Question

A bullet when fired at a target with a velocity of $100\;m{s^{ - 1}}$ penetrates one meter into it. If the bullet is fired at a similar target with a thickness $0.5\;m$. Then, at what velocity the bullet will emerge from it?
A. $50\sqrt 2 \;m{s^{ - 1}}$
B. $\dfrac{{50}}{{\sqrt 2 }}\;m{s^{ - 1}}$
C. $50\;m{s^{ - 1}}$
D. $10\;m{s^{ - 1}}$

Answer 1

Hint: In the first condition, the bullet penetrates the target to one meter. Hence, the target has some work done to stop the bullet. By law of conservation of energy, the kinetic energy of the bullet is equal to work done by the bullet. In the second case, the similar target work done with $0.5\;m$ bullet penetration. Thus, the work done by the wall is equal to the difference in the kinetic energy of the two cases. By using this relation, the velocity can be calculated.

Useful formula:
Work done, $W = F \times d$
Where, $W$ is the work done, $F$ is the force applied and $d$ is the distance travelled.

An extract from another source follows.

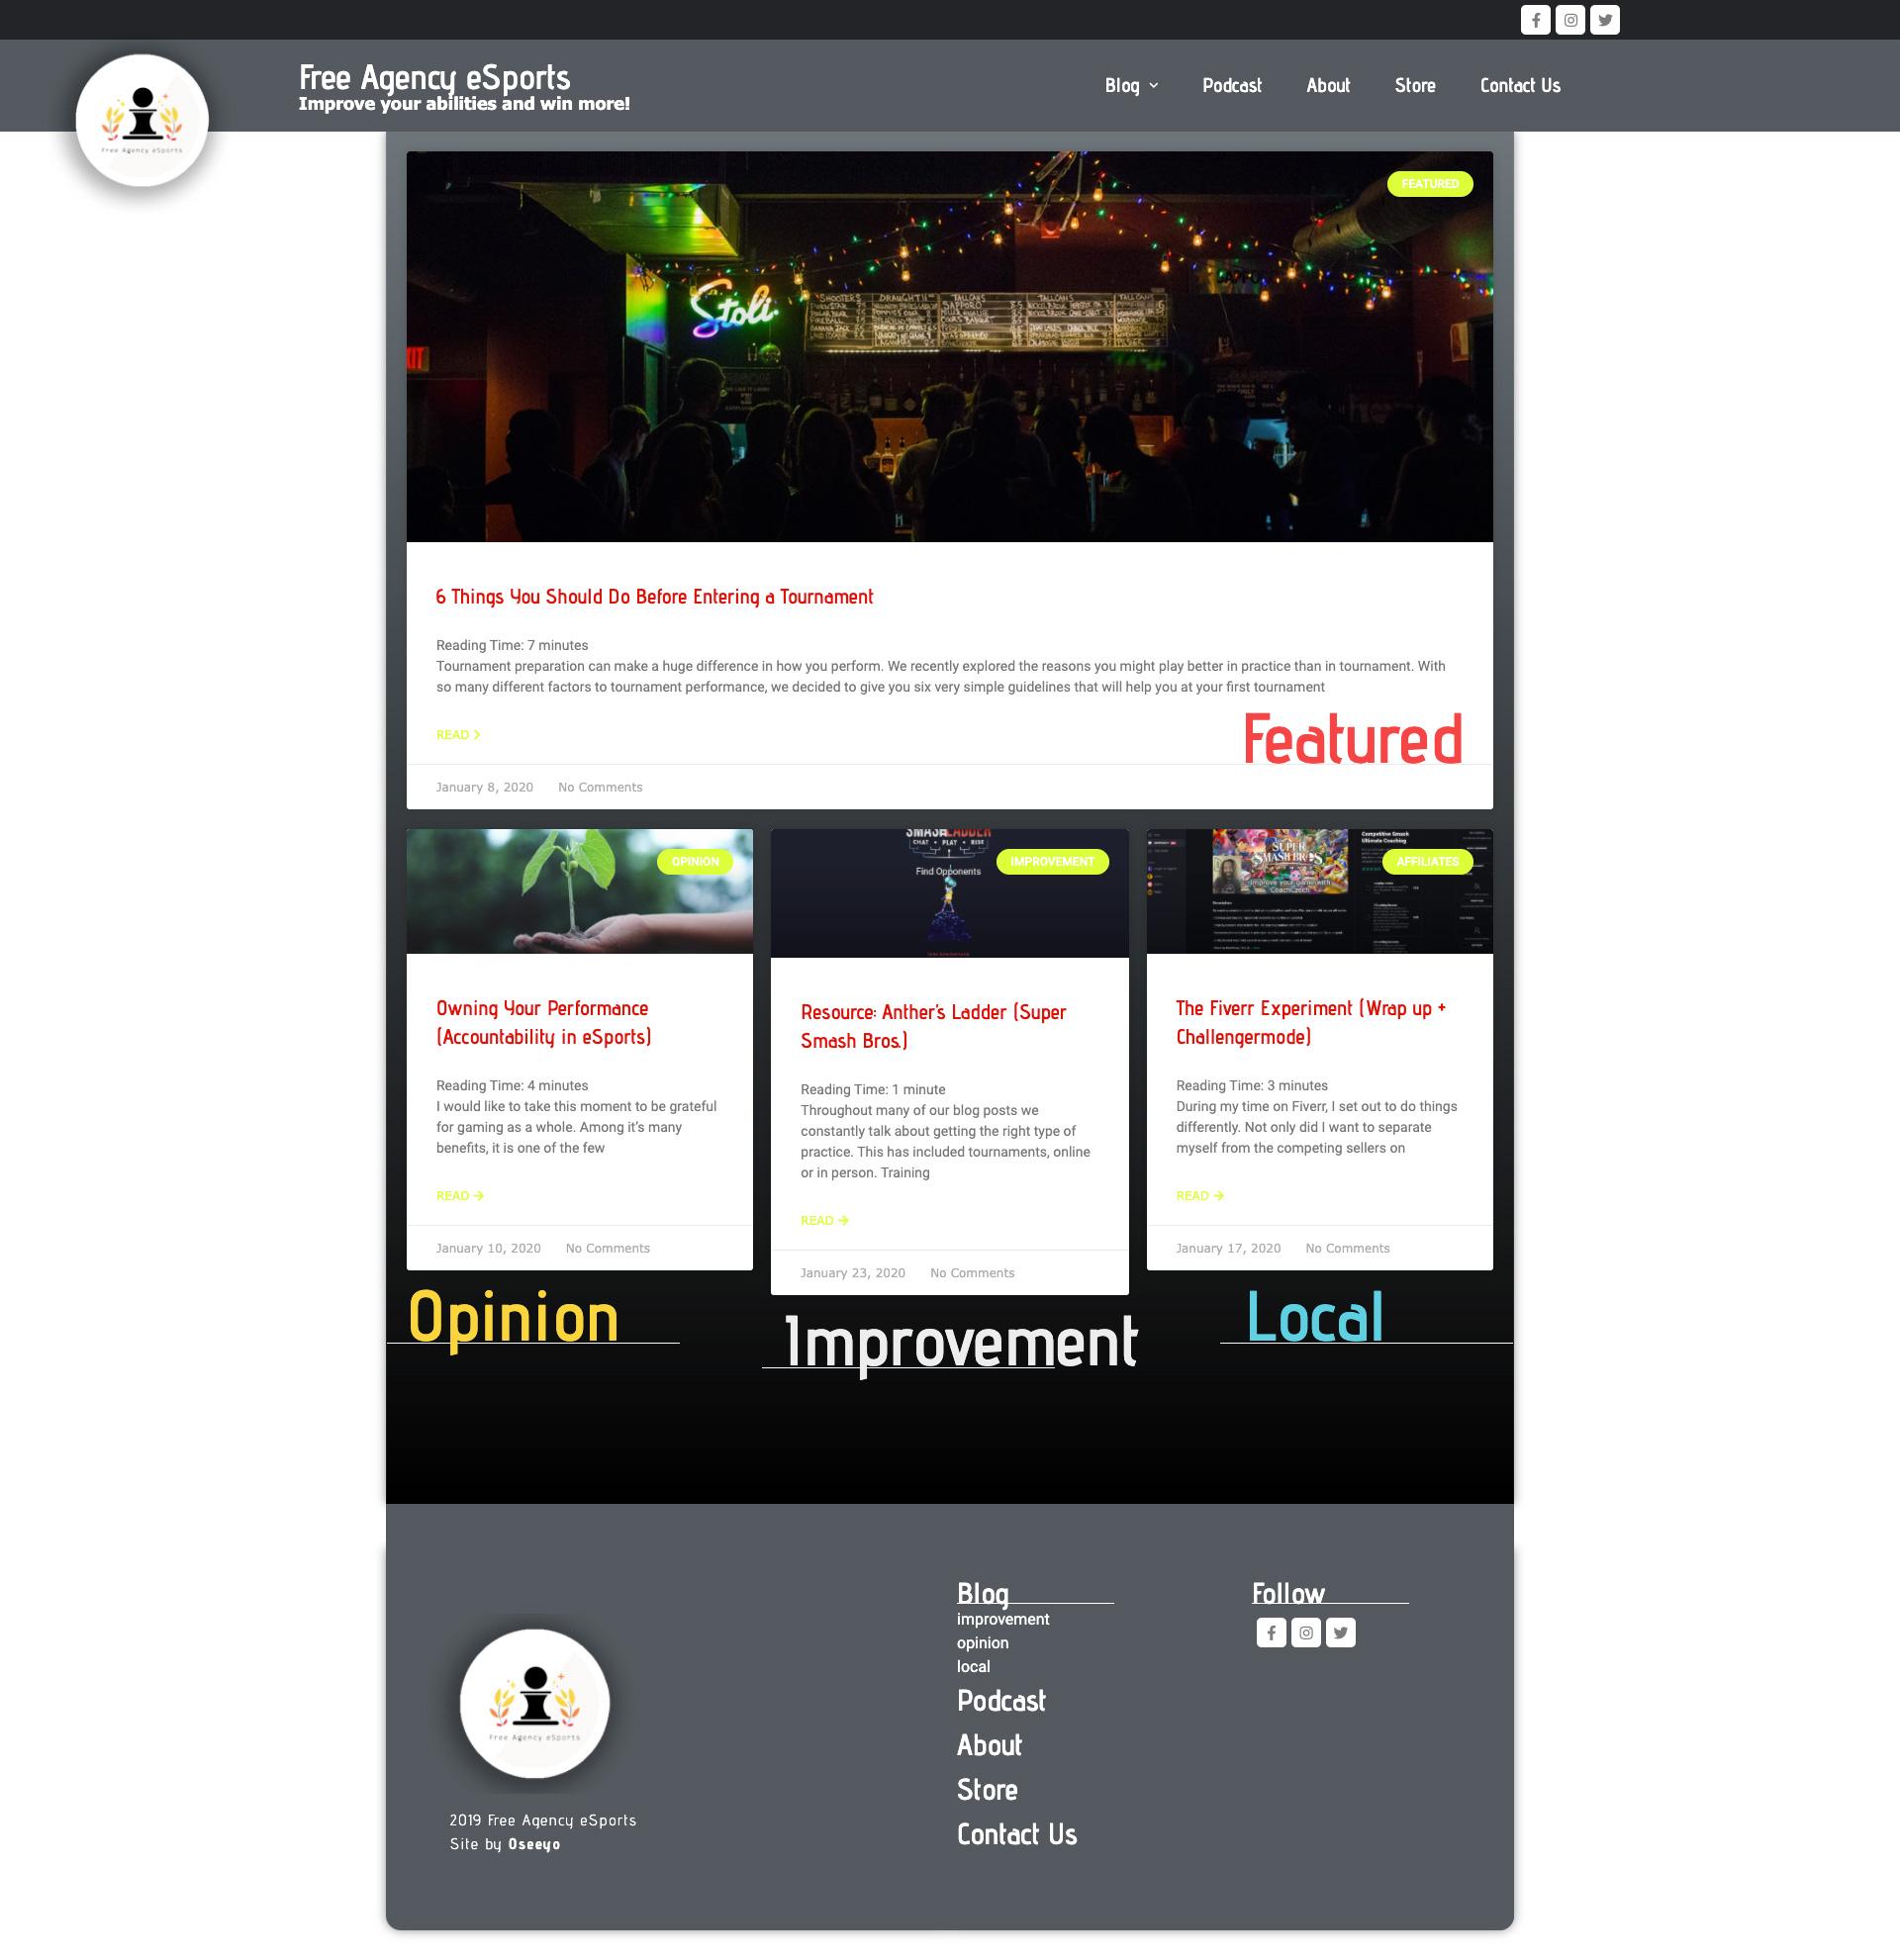 Oseeyo Web Development and Design - Free Agency eSports - news agency website - Vero Beach, FL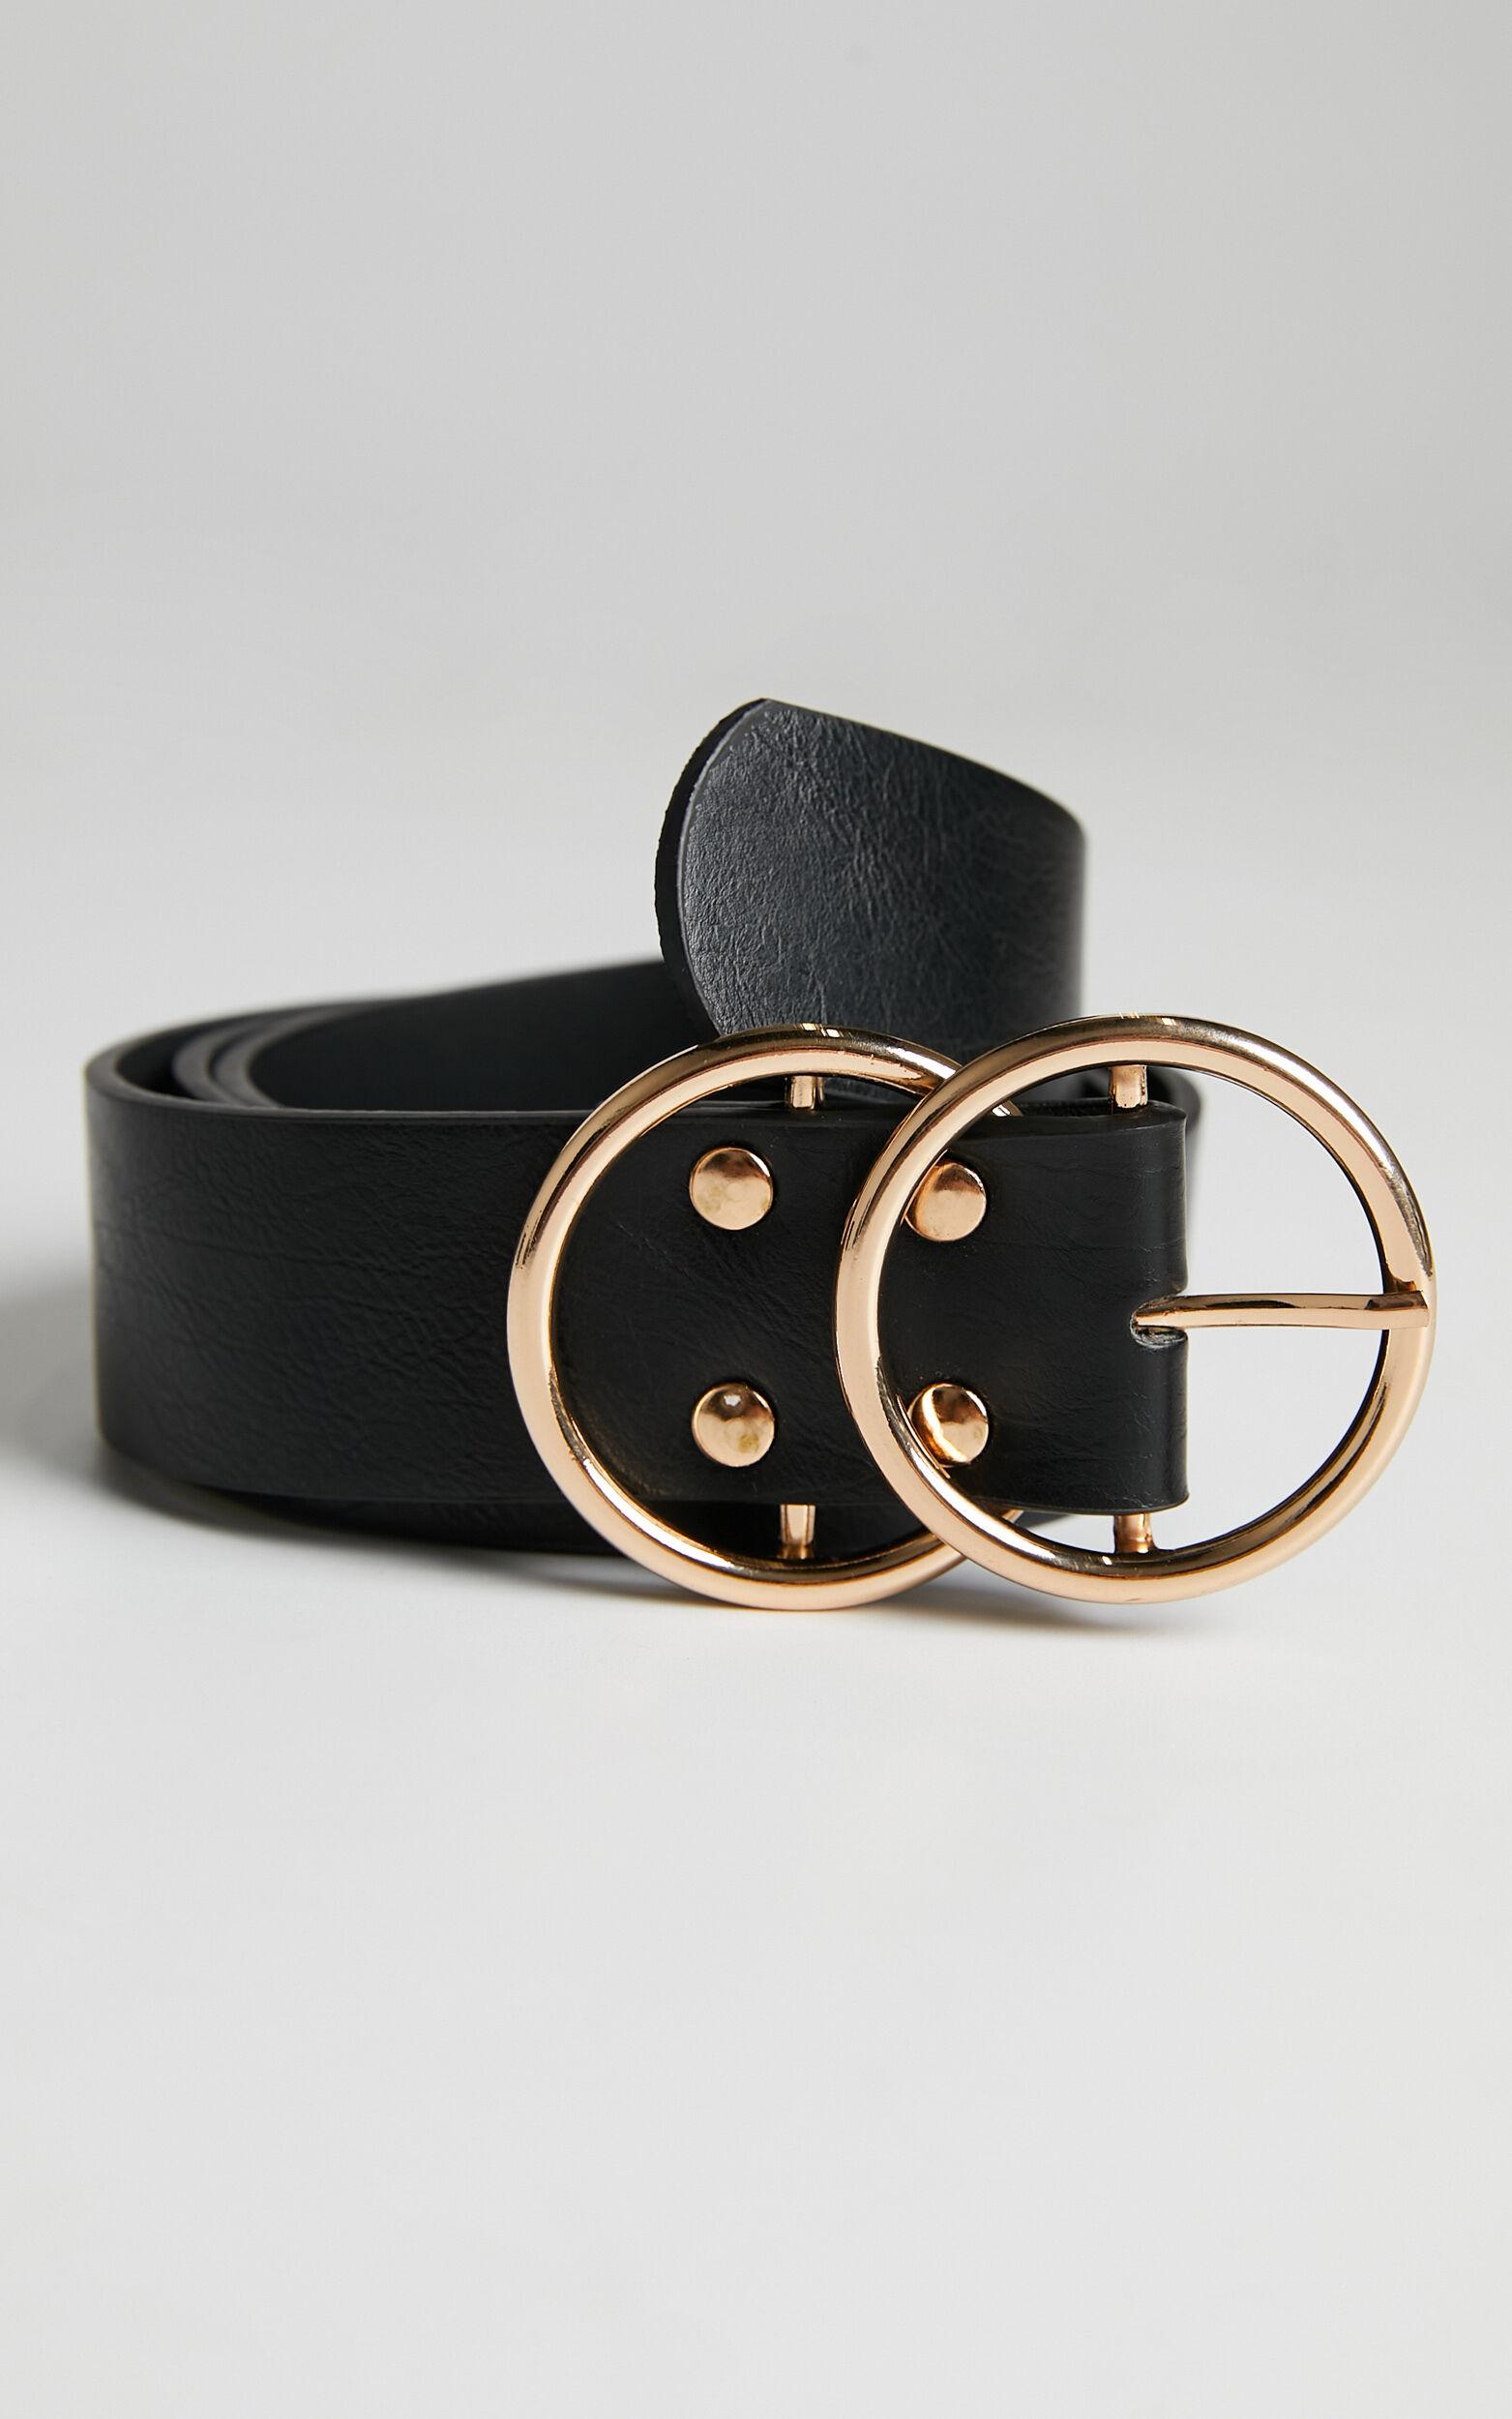 Midnight Charm Belt in Black And Gold Croc, BLK1, super-hi-res image number null

Kinetic energy, $K.E = \dfrac{1}{2}m{v^2}$
Where, $K.E$ is the kinetic energy of the object, $m$ is the mass of the object and $v$ is the velocity of the object.

Given data:
The velocity of bullet in first case, ${v_1} = 10\;m{s^{ - 1}}$
The distance travelled by bullet in first case, ${d_1} = 1\;m$
The distance travelled by bullet in second case, ${d_2} = 0.5\;m$

Complete step by step solution:
Assume that the force applied by the bullet on target is $F$
In the first case, the work done by the target to stop the bullet,
${W_1} = F \times {d_1}$
Substitute the given values, we get
$
  {W_1} = F \times 1 \\
  {W_1} = F \\
 $
The kinetic energy,
$K.{E_1} = \dfrac{1}{2}m{v_1}^2$
Where, $K.{E_1}$ is the kinetic energy of a bullet in the first case.
Substitute the given values, we get
$K.{E_1} = \dfrac{1}{2}m{\left( {100\;m{s^{ - 1}}} \right)^2}$
By taking square to the value inside the bracket, we get
$
  K.{E_1} = \dfrac{1}{2}m \times 10000 \\
  K.{E_1} = 5000m \\
 $
By law of conservation of energy,
$K.{E_1} = {W_1}$
Substitute the given values, we get
$F = 5000m\;...................................\left( 1 \right)$

In the second case, the work done by the target to stop the bullet,
${W_2} = F \times {d_2}$
Substitute the given values, we get
$
  {W_2} = 5000m \times 0.5 \\
  {W_2} = 2500 \times m \\
 $
The kinetic energy,
$K.{E_2} = \dfrac{1}{2}m{v_2}^2$
Where, $K.{E_2}$ is the kinetic energy of the bullet in the second case.
Now, the work done in second case is equal to difference in kinetic energy,
${W_2} = K.{E_1} - K.{E_2}$
Substitute the values in above equation, we get
$2500 \times m = 5000m - \dfrac{1}{2}m{v_2}^2$
Taking the term $m$ outside the bracket, it is common in RHS, we get
$2500 \times m = m\left( {5000 - \dfrac{{{v_2}^2}}{2}} \right)$
By cancelling $m$ on both sides of the equation,
$
  2500 = 5000 - \dfrac{{{v_2}^2}}{2} \\
  \dfrac{{{v_2}^2}}{2} = 5000 - 2500 \\
 $
By performing arithmetic operation on RHS, we get
$\dfrac{{{v_2}^2}}{2} = 2500$
By taking the term $2$ from denominator of RHS to the LHS, we get
$
  {v_2}^2 = 2 \times 2500 \\
  {v_2}^2 = 5000 \\
 $
Taking square root on both sides, we get
$\sqrt {{v_2}^2} = \sqrt {5000} $
By cancelling square and square root on LHS of the equation, we get
${v_2} = \sqrt {5000} $
By converting the term $5000$ into $2500 \times 2$, we get
$
  {v_2} = \sqrt {2500 \times 2} \\
  {v_2} = 50\sqrt 2 \;m{s^{ - 1}} \\
 $
Hence, the option (A) is correct.

Note: The bullet hits the target with some force creates impact on the target and the target tends to some work done to stop the bullet in certain penetration. In the second case, the bullet hits with the same force but the target thickness is $0.5\;m$, so the bullet penetrates completely and flows out with certain kinetic energy.